NNPA, News Report, Crystal Cranmore Posted: Jun 06, 2008

WASHINGTON(NNPA) - The decline in the U.S. dollar is having a ripple affect on the Caribbean causing islands to suffer a loss in remittances, the money sent home by Caribbean immigrants working in the United States.

The U.S. dollar dominates everything which causes a rippling effect. In comparison to the US, prices have gone up and the cost of living is high. The money that we receive from family [in the U.S.] helps, but with prices sky rocketing it is quickly used up, says Trinidadian Joycelyn Wilshire, recently visiting family in New York.

She says that prices have increased up to 120 percent.

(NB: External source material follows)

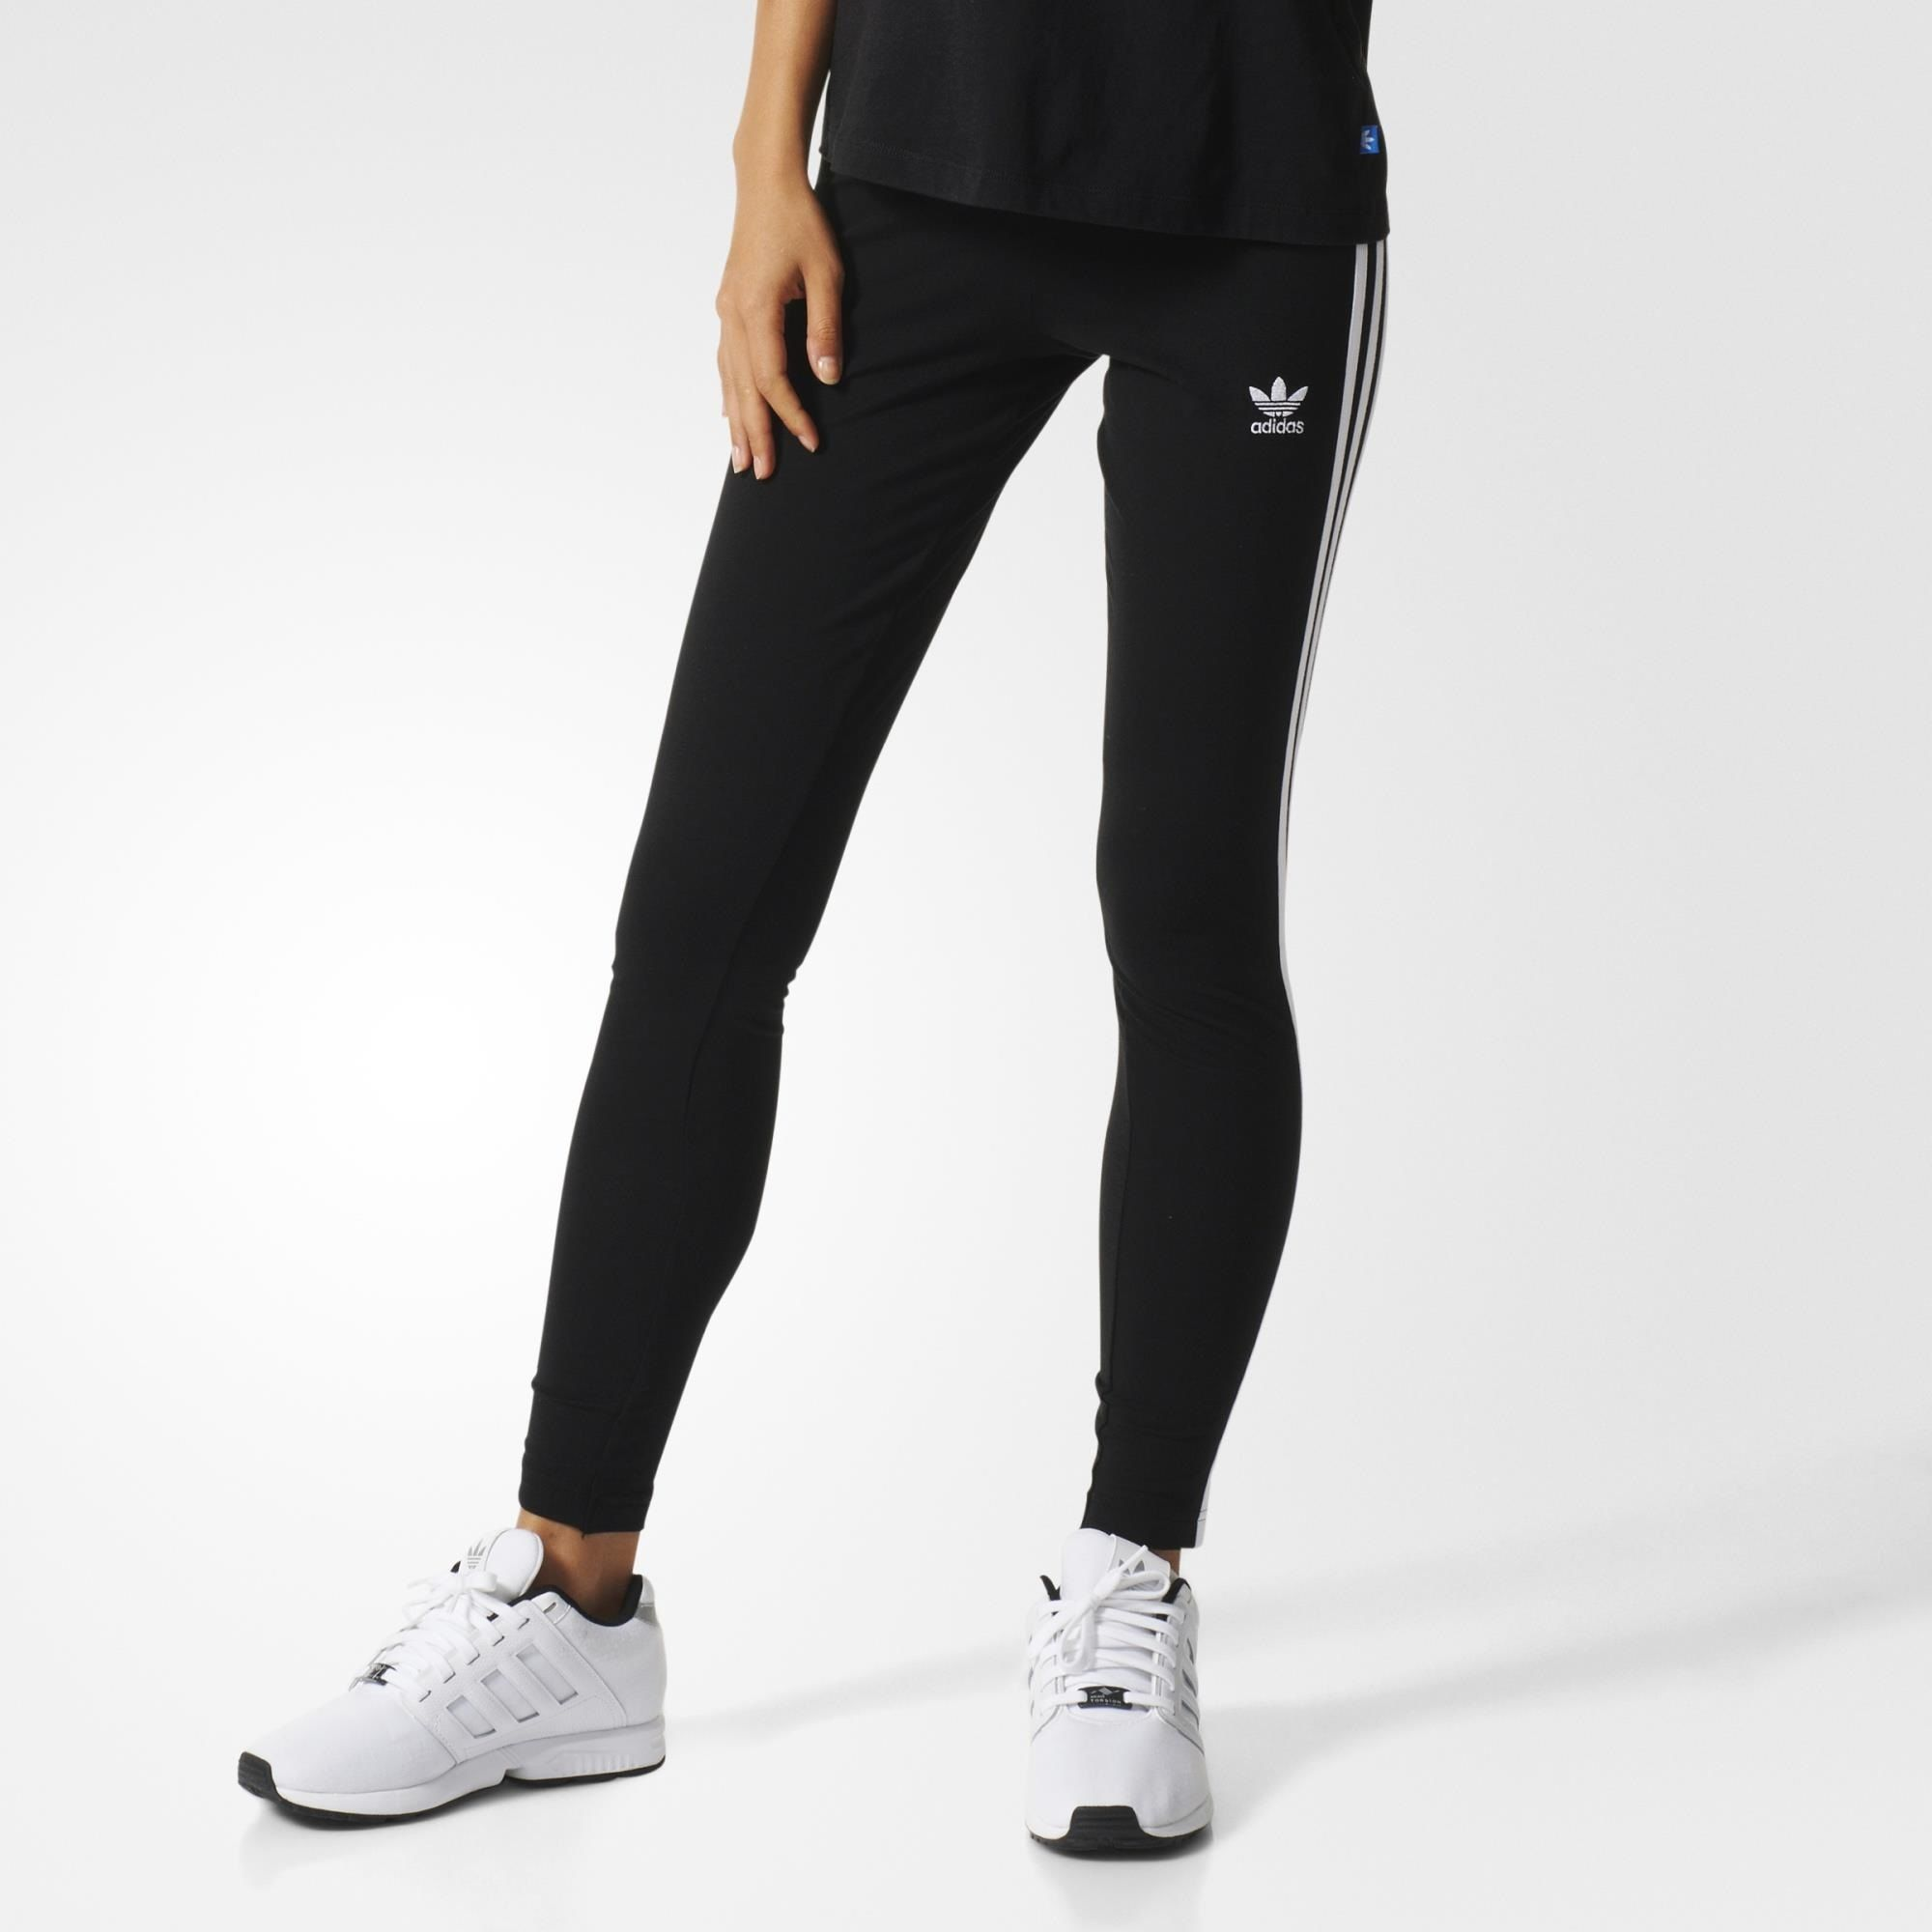 cf640a45ec12e Product details of Adidas Women's Originals 3-Stripes Leggings  AJ8156(CE2036) Black

In places like Trinidad and Guyana, the standard of living has increased so much that people are encouraged to grow food in their back yards to help each other out.

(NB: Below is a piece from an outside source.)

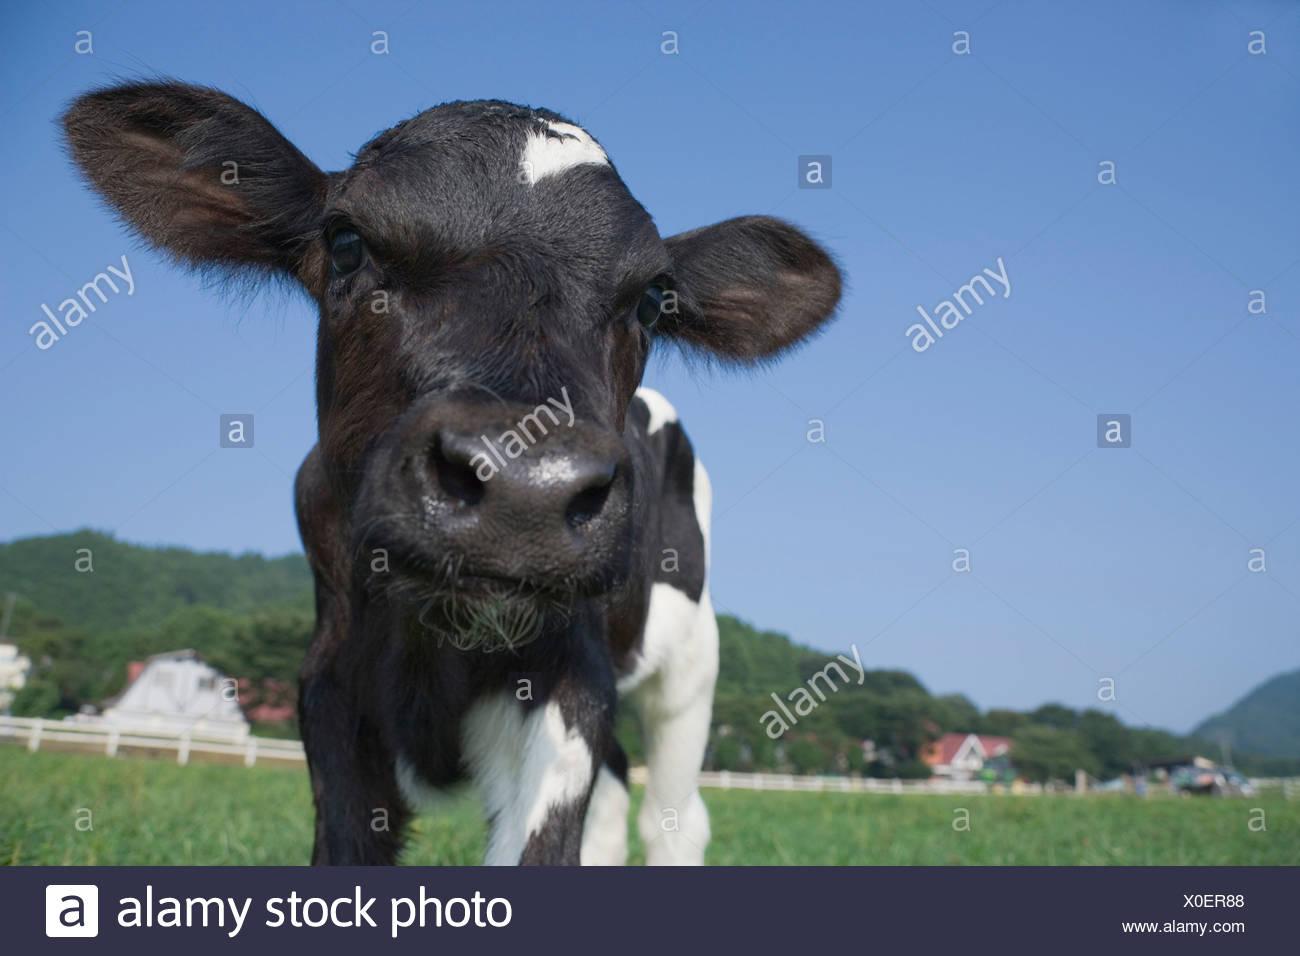 One calf standing - Stock Image

The current state of the U.S. economy is strenuous to most of its citizens, especially those who work extra hours just to send enough money back to loved ones abroad. Last year, U.S. immigrant workers sent $42 billion dollars abroad, the most from any country, according to the BBC.

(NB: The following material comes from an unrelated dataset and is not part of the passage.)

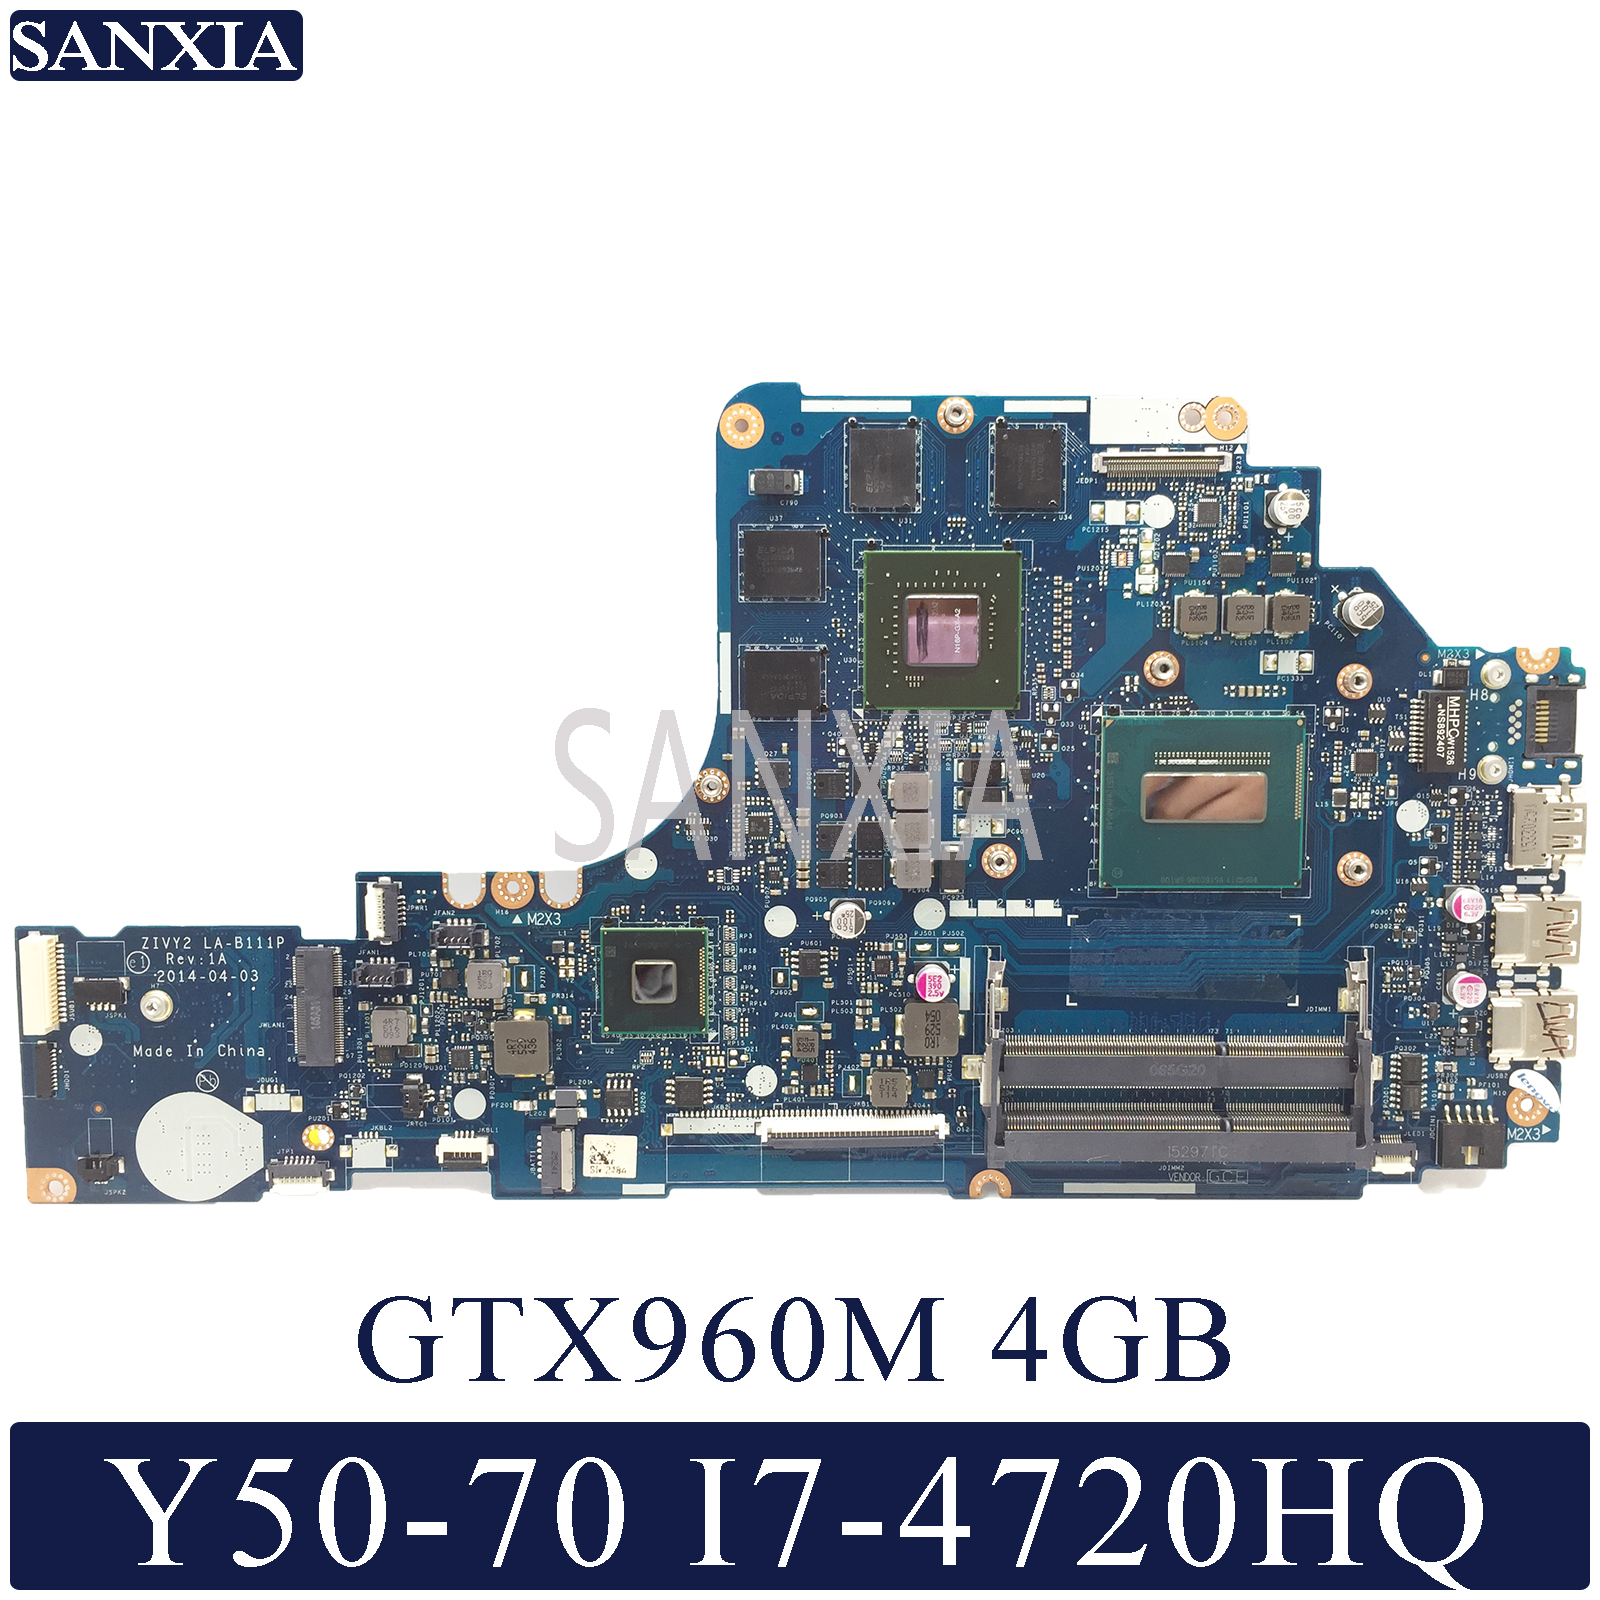 KEFU LA-B111P Laptop Motherboard For Lenovo Y50-70 Original Mainboard I7-4720HQ/4710HQ GTX960M-4GB

Jamaica is the largest recipient of remittances in the English-speaking Caribbean. The BBC reported that up until November 2007, Jamaica received up to $1.8 billion dollars based on money from the U.S., which does not include unofficial money that is sent through family and friends instead of by money order.

Remittances are a very importance source of revenue for families in Jamaica and the depreciation in the dollar can mean depreciation in remittances.

Jamaica is not feeling the impact of the decline in the U.S. economy as much as the rest of the Caribbean according to Andrew Knight, a graduate of the Howard School of Business and a native of Jamaica.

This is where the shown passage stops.